Dutch filmmaker (born 1971)

Richard Raaphorst (born 21 June 1971) is a Dutch film director, screenwriter, and storyboard artist. He is best known as the co-writer and director of the feature film Frankenstein's Army (2013).

Before graduating in 1996, Raaphorst created several independent short films, including Zombi 1 (1995) and began work on his project concept Worst Case Scenario. However, the film adaptation originally planned to release in 2008 was cancelled due to financial problems. He has collaborated with several filmmakers, including horror film producer and director Brian Yuzna.

Raaphorst also began his career in 1998 as a storyboard artist on Who Am I?, directed by Jackie Chan. He later worked on horror films such as Faust: Love of the Damned (2000), Dagon (2001), Beyond Re-Animator (2003) Fragile (2005), and Black Book (2006). In 2008, he served as storyboard artist, second-unit director, and concept artist for The Silent Army, directed by Jean van de Velde. His more recent works include Late Phases (2014), Blood Red Sky (2021), Brooklyn 45 (2023), and Infinity Pool (2023).

== Early life ==
Richard Raaphorst was born in Rotterdam, South Holland, Netherlands. His father worked for an oil company and once took him to the job site, where he was impressed by the size of the machinery. Raaphorst studied at the Willem de Kooning Academy and graduated in 1996, where he directed Zombi 1 as part of his studies. He also attended Graphic Lyceum, a vocational school in Rotterdam.

== Career ==
=== 1990s and 2000s ===
Raaphorst began his career in the film industry after graduating in 1996. His graduation project, the short film Zombi 1, was released on 14 June 1995 in the film anthology Nether Horror Collection. He started developing Worst Case Scenario in the early 2000s, releasing a proof of concept in 2004. In 2006, Gorehound Inc. released a teaser and a limited promotional trailer for the film on DVD in 2008 and was nominated for a Golden Trailer Award in 2005 in the category of "Best Movie Trailer". However, due to numerous financial difficulties, the film was ultimately canceled in March 2009 before its completion.

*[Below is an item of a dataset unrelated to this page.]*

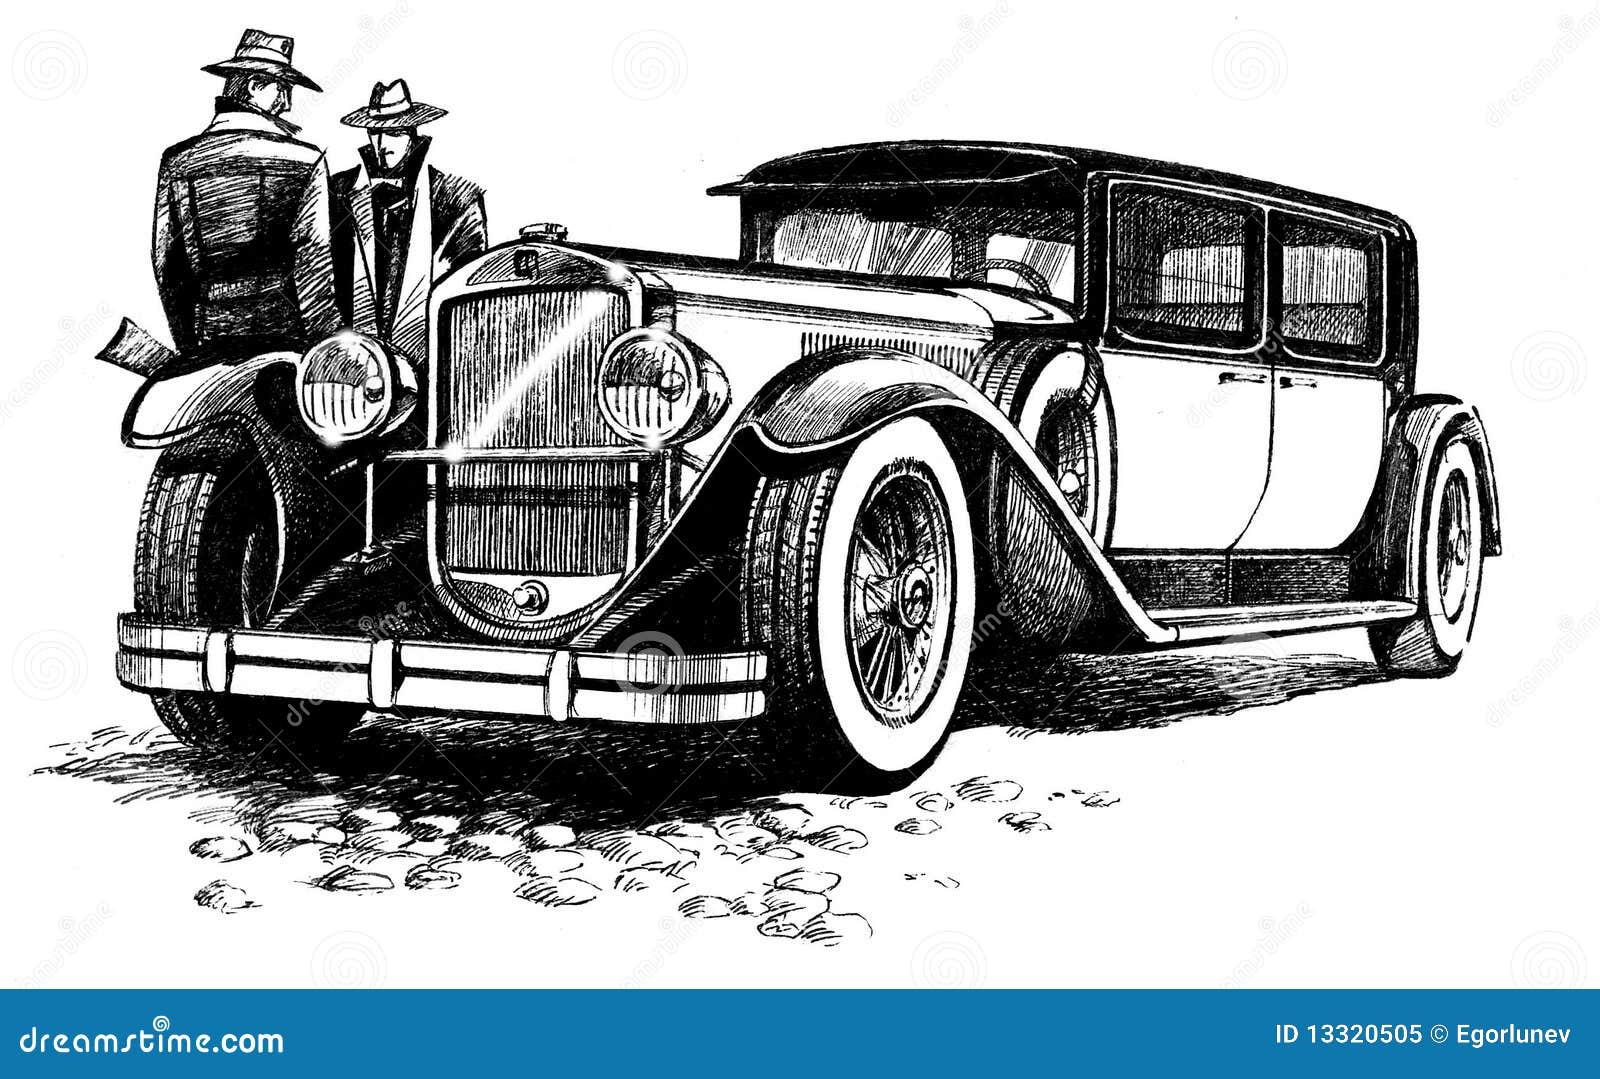 stylish ancient car stock illustration  image of land

In 2008, Raaphorst wrote and directed the Dutch short drama film Popo, starring Victor Löw in the title role as a clown with psychological problems. The film premiered on 11 April 2008 in the Netherlands. Popo was later selected for the Nederhorror Short Film Festival, held on 22 March 2009 at Cinema OT301 in Amsterdam, where it competed alongside nine other Dutch horror shorts, and it was screened at the Rotterdams Open Doek Festival in 2016.

=== 2010s ===
In 2012, Raaphorst directed the short film The Rocketeer starring Stephan Evenblij and Pauline Greidanus. The film premiered at the 2012 Netherlands Film Festival and was later screened at the International Film Festival Rotterdam.

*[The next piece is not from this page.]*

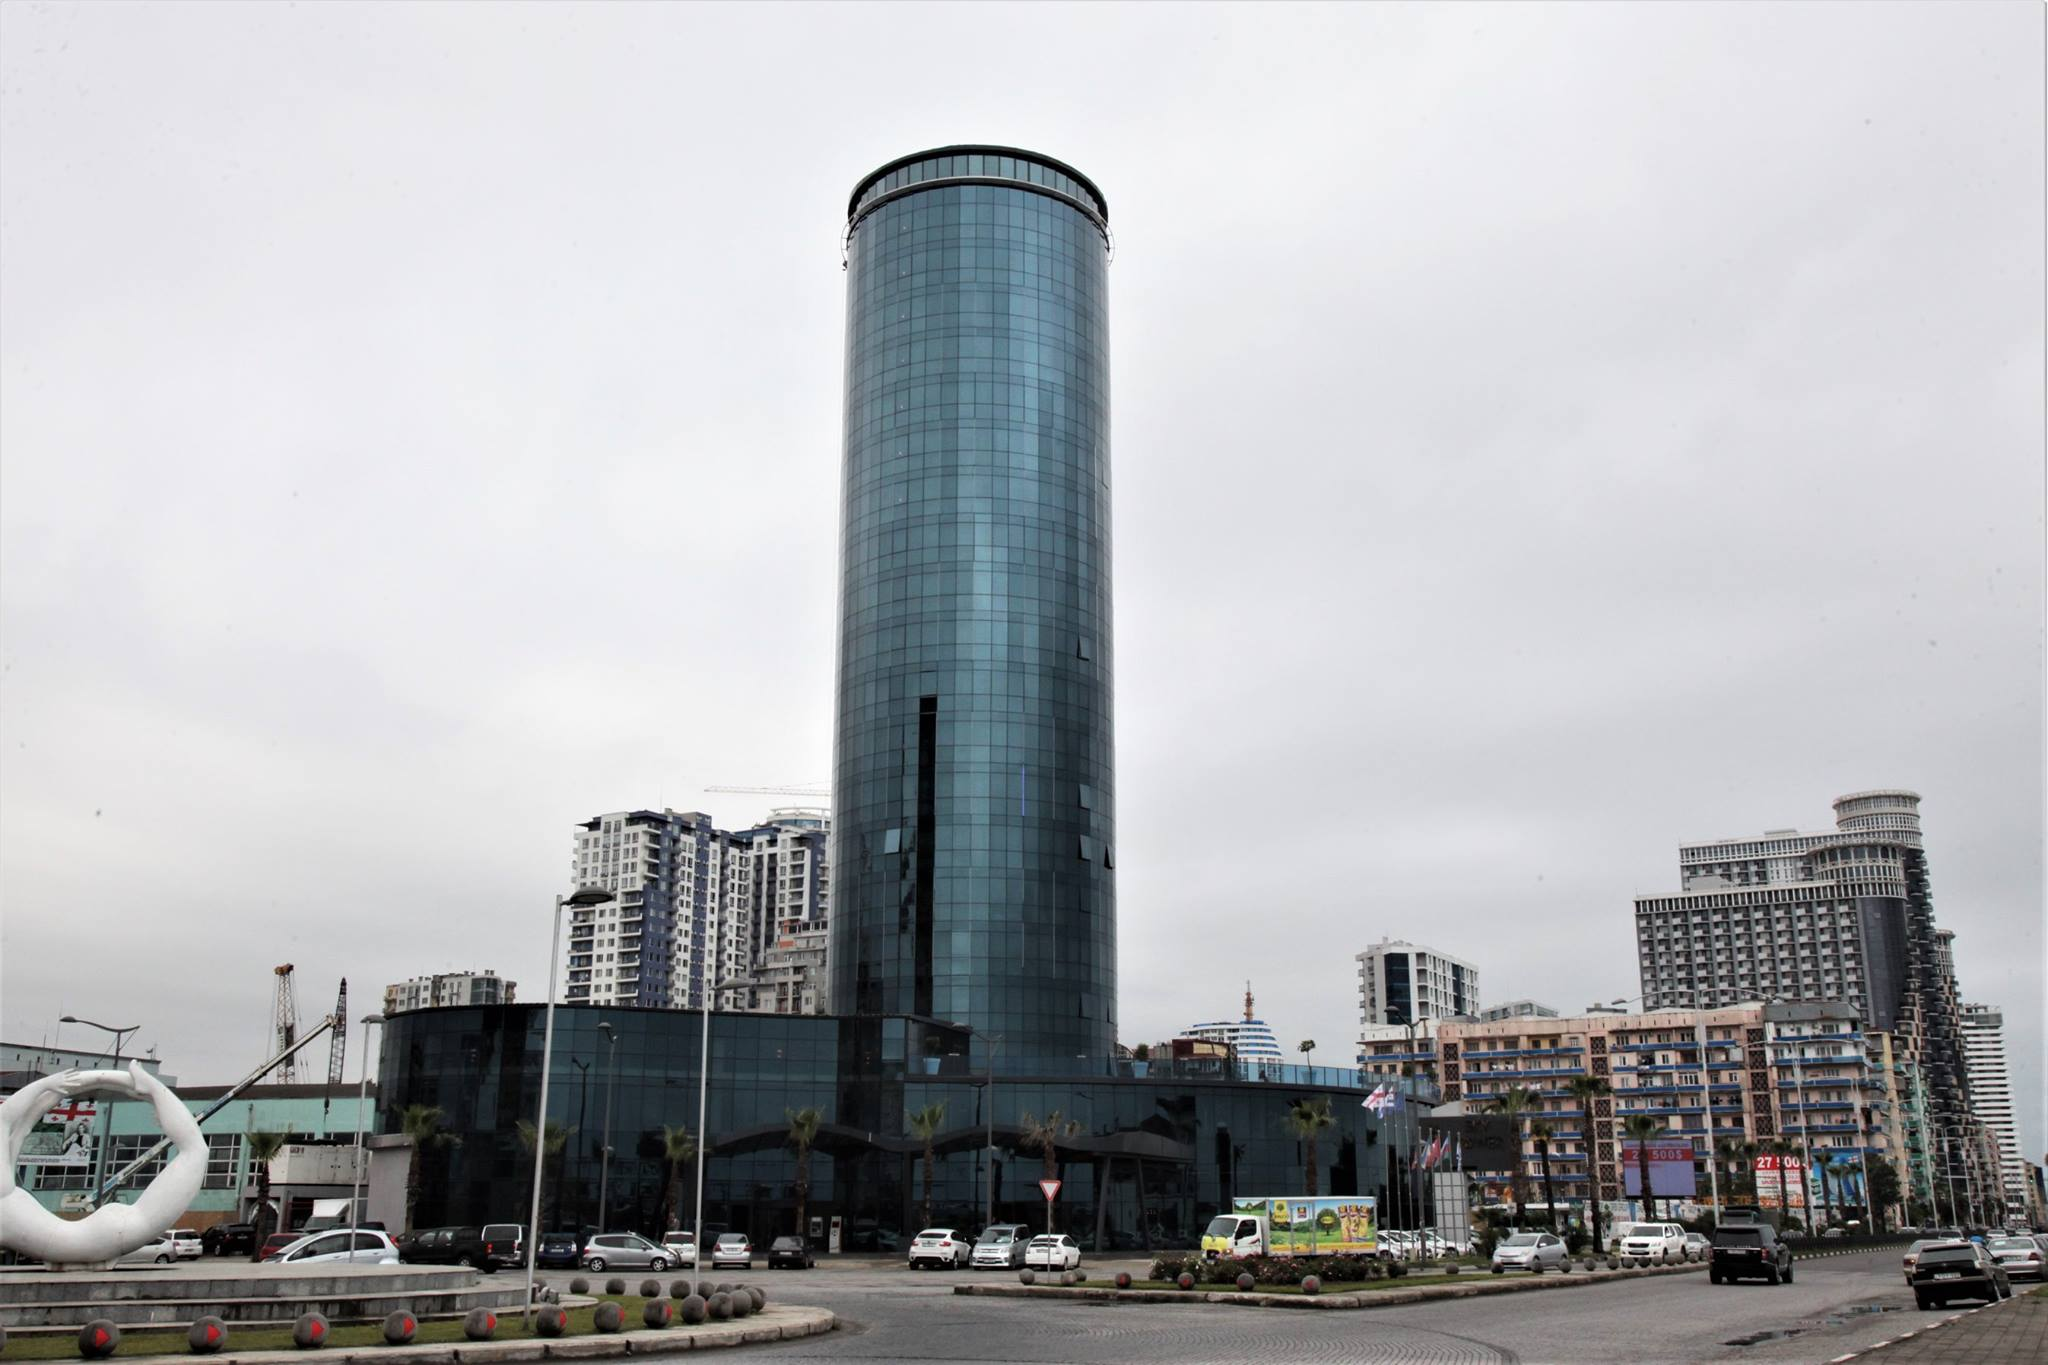 ბათუმში ახალი, თანამედროვე სტანდარტების სასტუმრო SKY TOWER-ი გაიხსნა

Following the collapse of the Worst Case Scenario project, Raaphorst proposed a new story using some of the concepts and designs, set in 1945, exploring the final stages of World War II in the German–Polish borderlands. The film was intended as a prequel to Worst Case Scenario, titled Army of Frankenstein, and would have focused on Wehrmacht soldiers reinforced by zombie troops. The concept was later renamed and reworked into Frankenstein's Army, with a screenplay written by Chris W. Mitchell and Miguel Tejada-Flores. The found-footage film was released on 26 July 2013 worldwide and later became available for streaming on 10 March 2014. Raaphorst earned a Special Mention in the Official Fantàstic Panorama competition (Méliès d'Argent) at the 2013 Sitges Catalan International Film Festival for directing Frankenstein's Army.

In 2016, outside of his film projects, Raaphorst worked with Pedri Animation, an animation studio, where he directed an origami animation commercial for the Dutch company Independer. The animation was produced by Elmer Kaan and Sergio Lara Jimenez. He also directed a series of clay animation commercials for the Dutch online bank Moneyou. A total of eleven clay-animated clips were created, all directed by him and animated by Elmer Kaan. In 2017, Raaphorst directed and co-wrote The Profundis with Shane Berryhill, also serving as the film's producer. The project won the Pitch Contest at the Imagine Film Festival.

=== 2020s ===
In 2020, Raaphorst attempted to revive his abandoned project Worst Case Scenario by launching a crowdfunding campaign for a graphic novel adaptation of the story. It was later reported in early May 2023 that the completed 144-page graphic novel was presented at "Strips op de Markt", a comics market event.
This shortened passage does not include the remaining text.